# **RESEARCH ARTICLE**

OPEN ACCESS

# Design and Structuring of a Multiprocessor System based on Transputers

S. S. Nayak\*, R. K. Mishra\*\*, M. N. Murty\*\*\*, B. Padhy\*\*\*\*

\*Department of Physics, JITM, Centurion University, Paralakhemundi, Odisha, India,

\*\*Department of Electronic Science, Berhampur University, Berhampur, Odisha, India

\*\*\*Department of Physics, NIST, Berhampur, Odisha, India, E-mail: mnarayanamurty@rediffmail.com

\*\*\*\*Research Student, Department of Electronic Science, Berhampur University, Berhampur, Odisha, India,

# ABSTRACT

In this paper the Authors present the design of a high performance transputer based fault-tolerant multiprocessor system for critical applications such as aircraft control, nuclear power station control, satellite applications etc. Fault-tolerant building blocks designed with potential for real time processing. The systematic architecture, regularity and recursiveness enables the system to be more fault-tolerant. Real-time applications have to function correctly even in the presence of faults. Link failure of the network is deeply analysed with reliability analysis.

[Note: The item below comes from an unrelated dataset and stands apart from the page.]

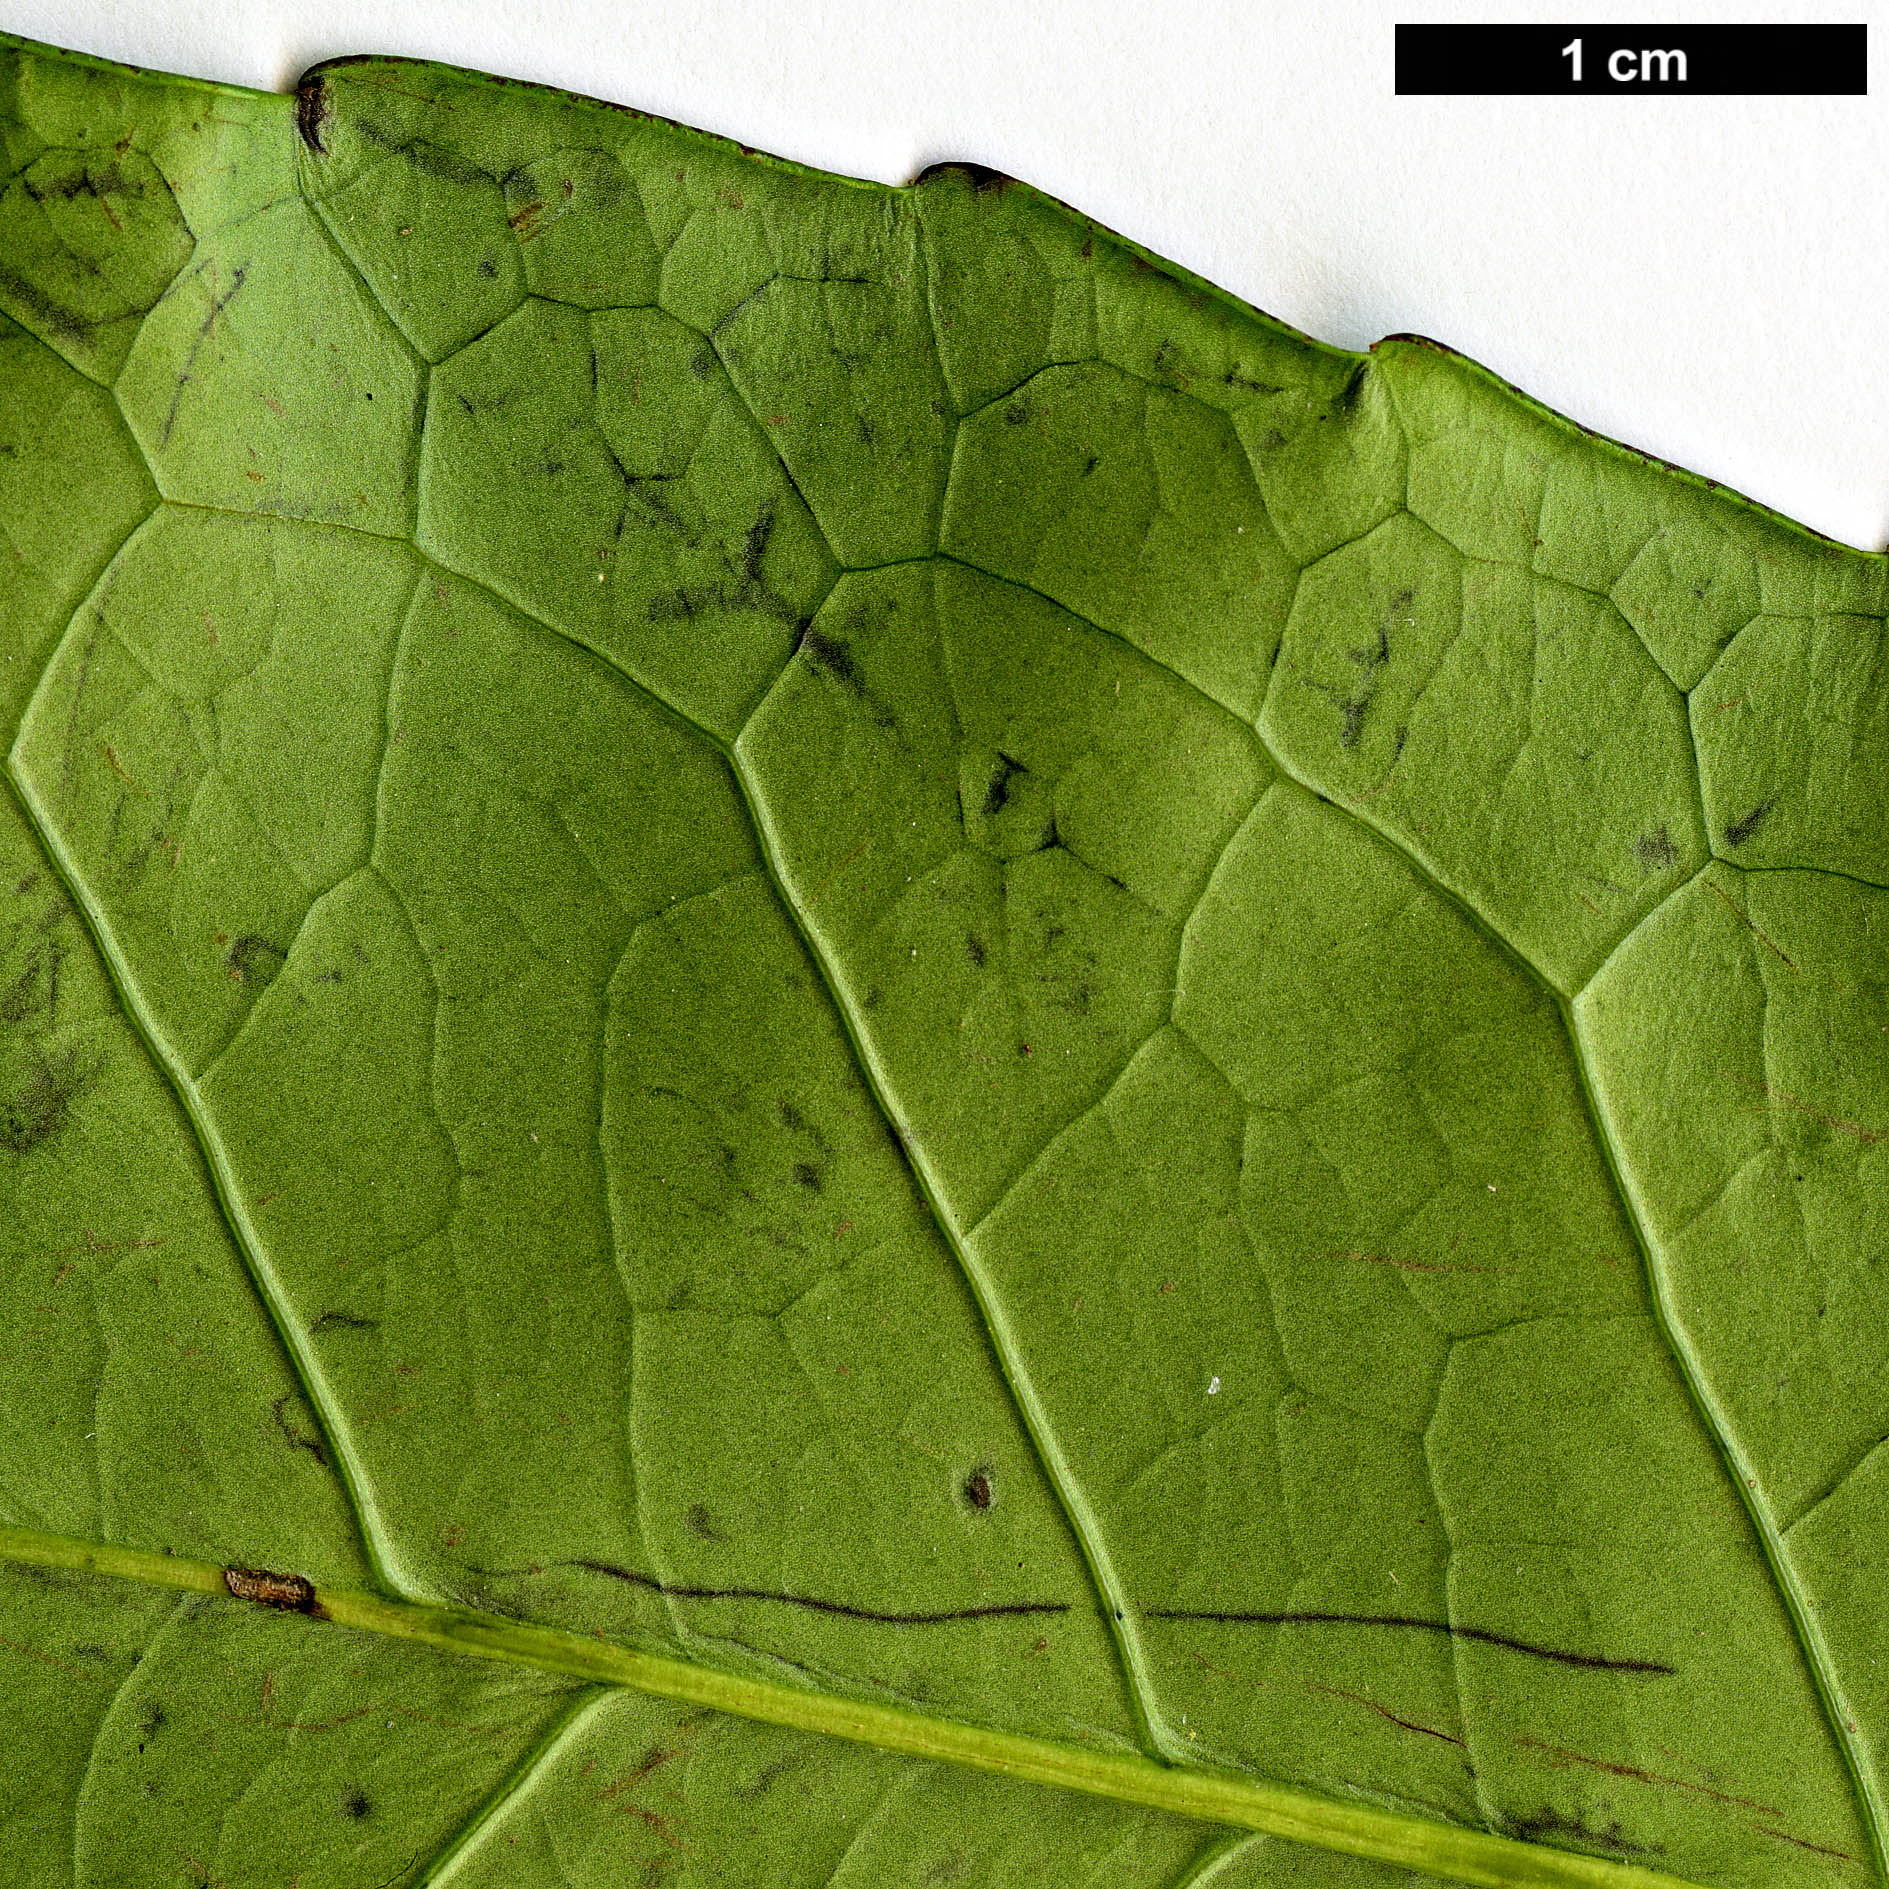 High resolution image: Family: Aquifoliaceae - Genus: Ilex - Taxon: paraguariensis

*Keywords:* Fault-tolerance, Real-time System, Multitransputer System, Parallel Processing, Reliability Analysis.

# I. INTRODUCTION

This design provides transparent protection from permanent module failures based on multiple modular redundancy. Though, transporter is a link based processor, it is easy to design a parallel machine that encapsulate acceptance testing, fault masking, reconfiguring the network. The authors presented a modular based fault-tolerance technique new comprising a single module comprising of four IMS T800 transputer for real fault tolerant mechanism interconnecting the four bidirectional links of each module. One line of each module dedicated to link adaptor for I/O to peripheral instruments. The reference becomes crazy due to permanent faults, transient faults, software faults, operation errors etc. Hardware faults due to memory crazy and short circuiting etc.[1],[2] and errors due to information failure[2]. Faults due to severe environmental conditions includes the transient faults[1]. To challenge the above fault scenario, multilink processor[18] is preferred while designing the network.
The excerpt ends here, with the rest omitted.